◆ **Source material**
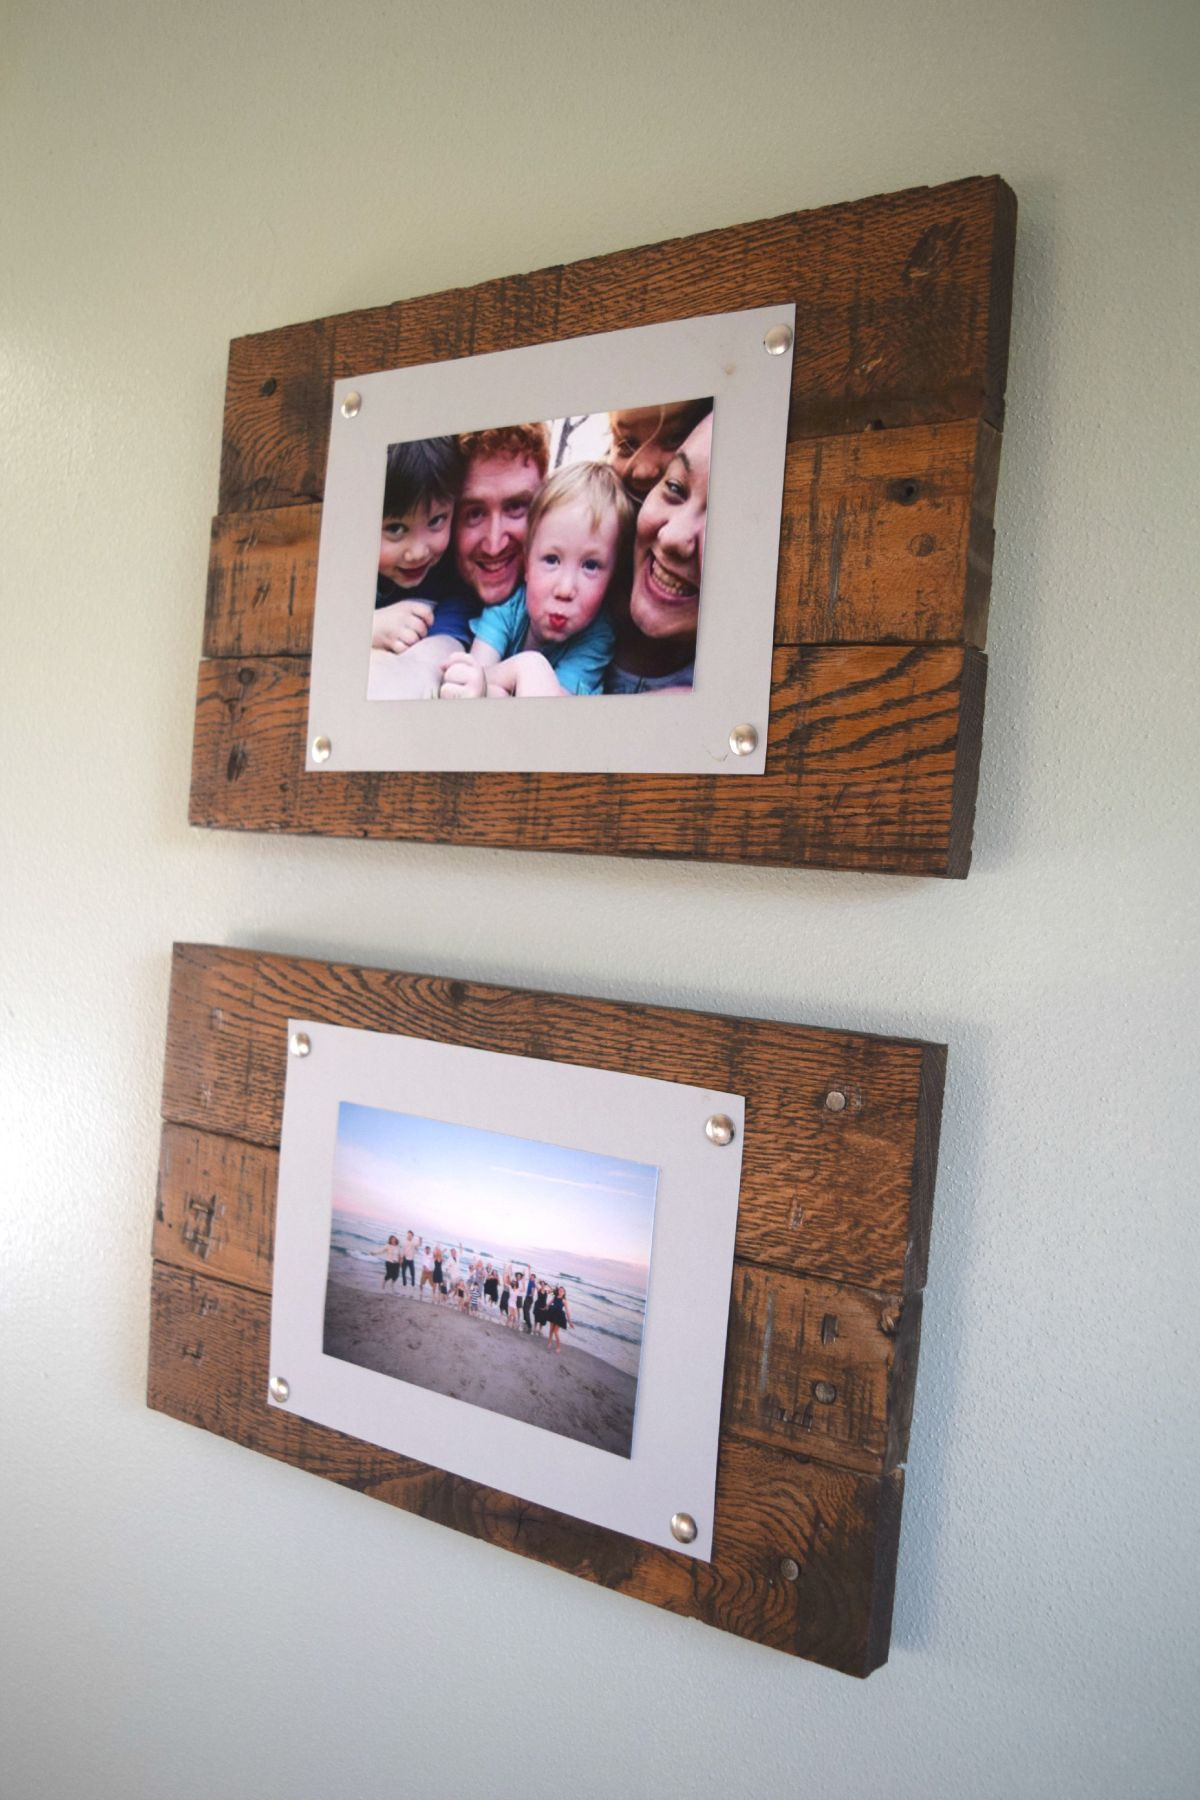 Best ideas about DIY Picture Frame Ideas
. Save or Pin 20 DIY Picture Frame Ideas For Personalized And Original Now.
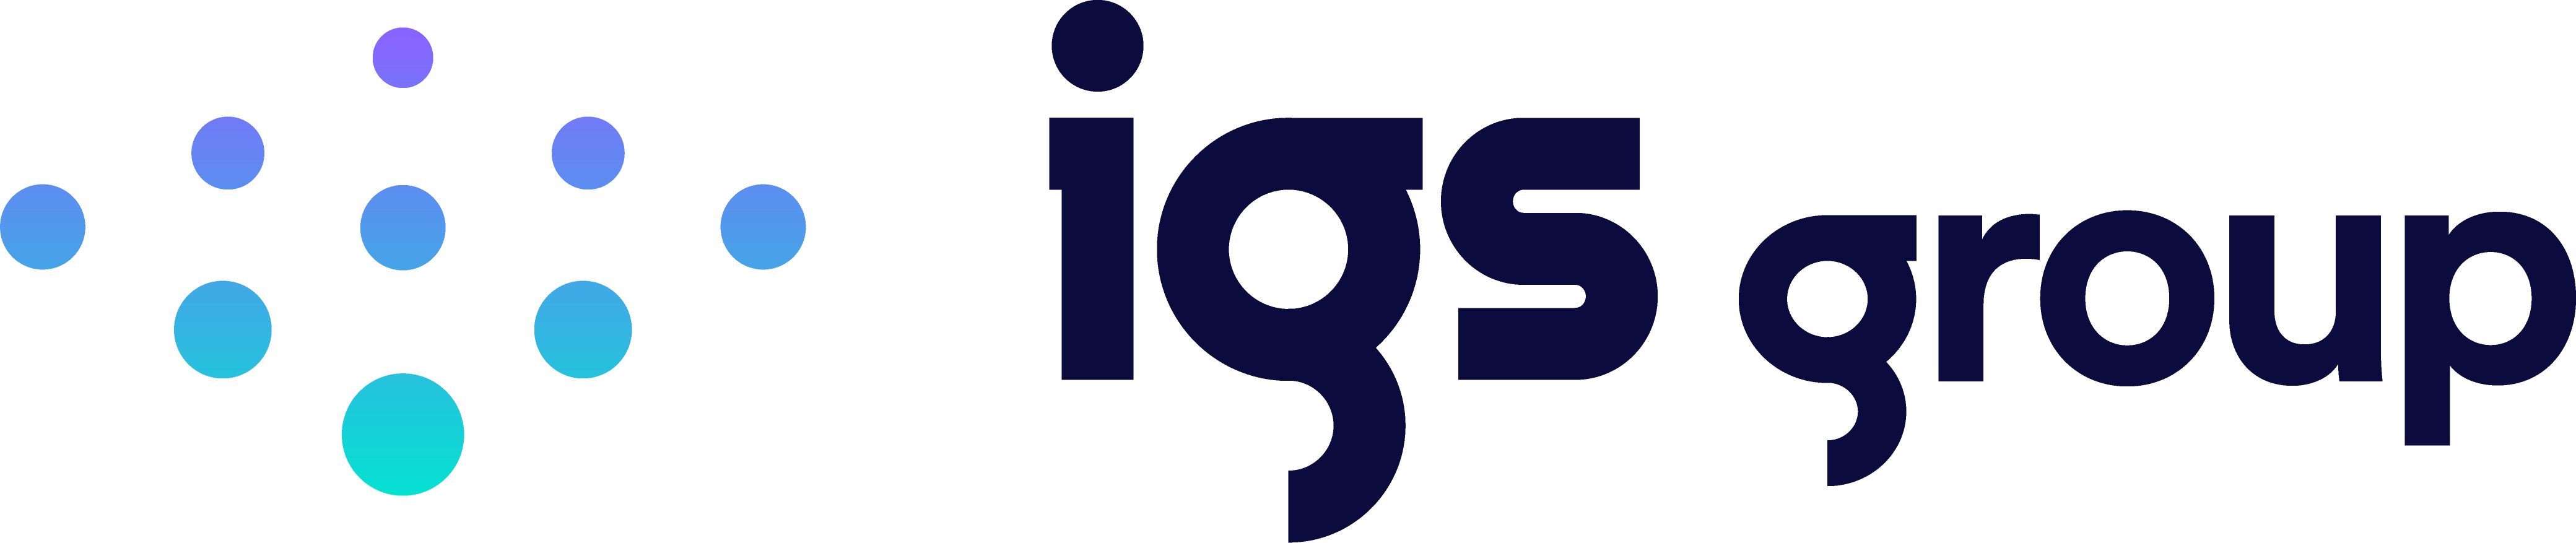 IGS-logo-2
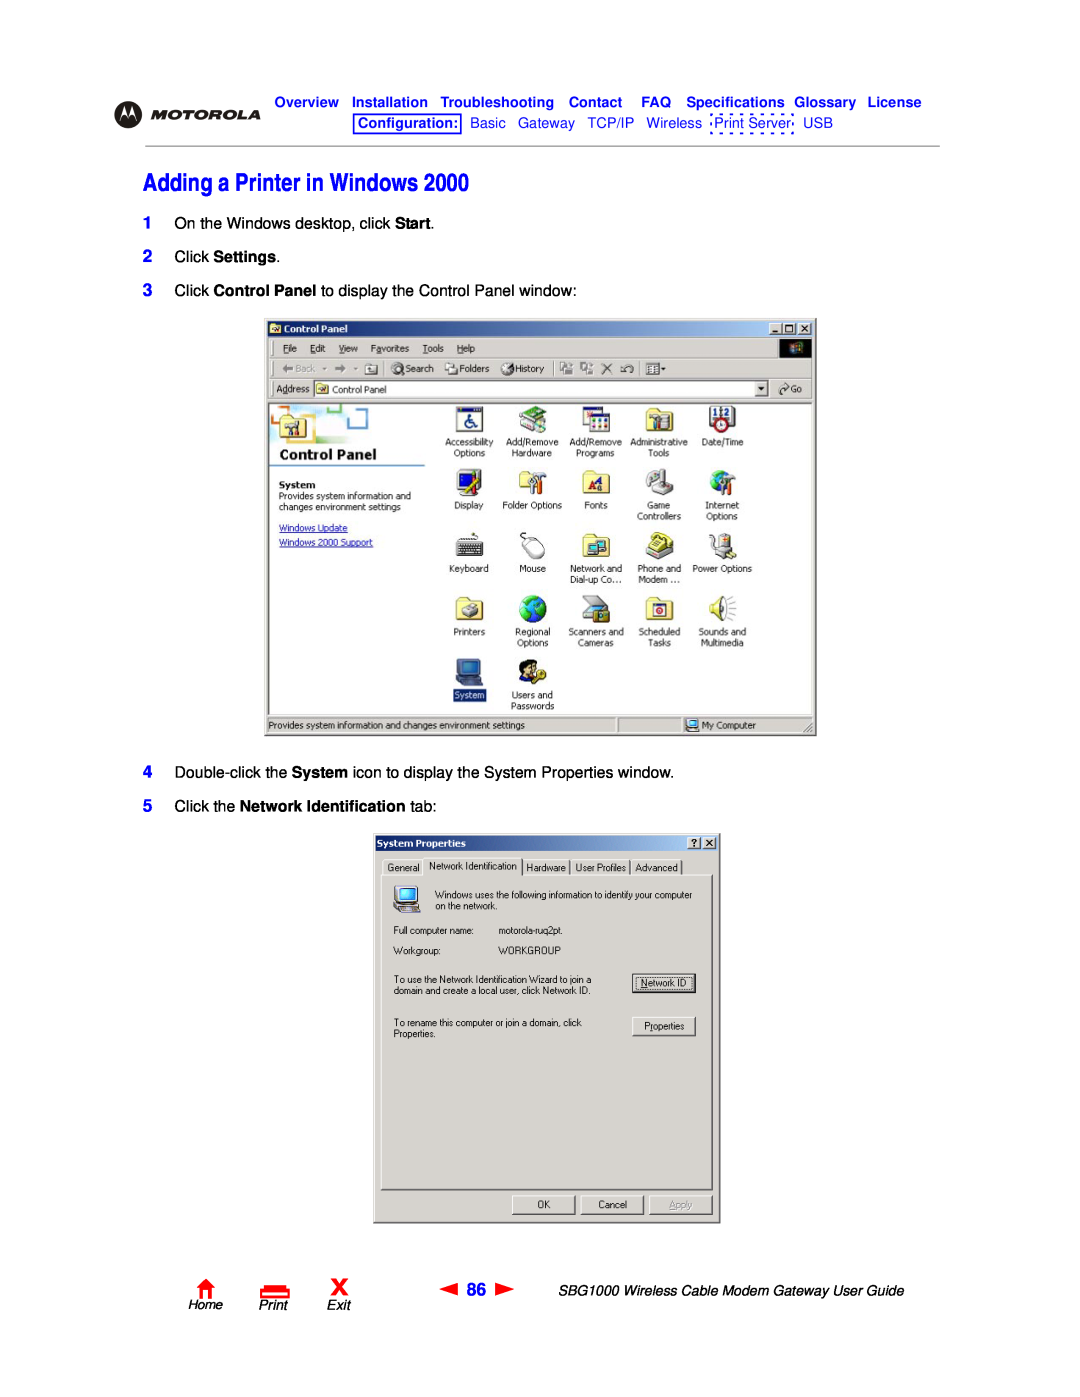 Motorola SBG1000 manual Adding a Printer in Windows, Click the Network Identification tab, Click Settings, Home Print Exit

◆ **Task directions**
In transcribing the lines above, omit the images and keep all else exact.

◆ **Result of this exercise**
 Best ideas about DIY Picture Frame Ideas
. Save or Pin 20 DIY Picture Frame Ideas For Personalized And Original Now.
 IGS-logo-2
 Motorola SBG1000 manual Adding a Printer in Windows, Click the Network Identification tab, Click Settings, Home Print Exit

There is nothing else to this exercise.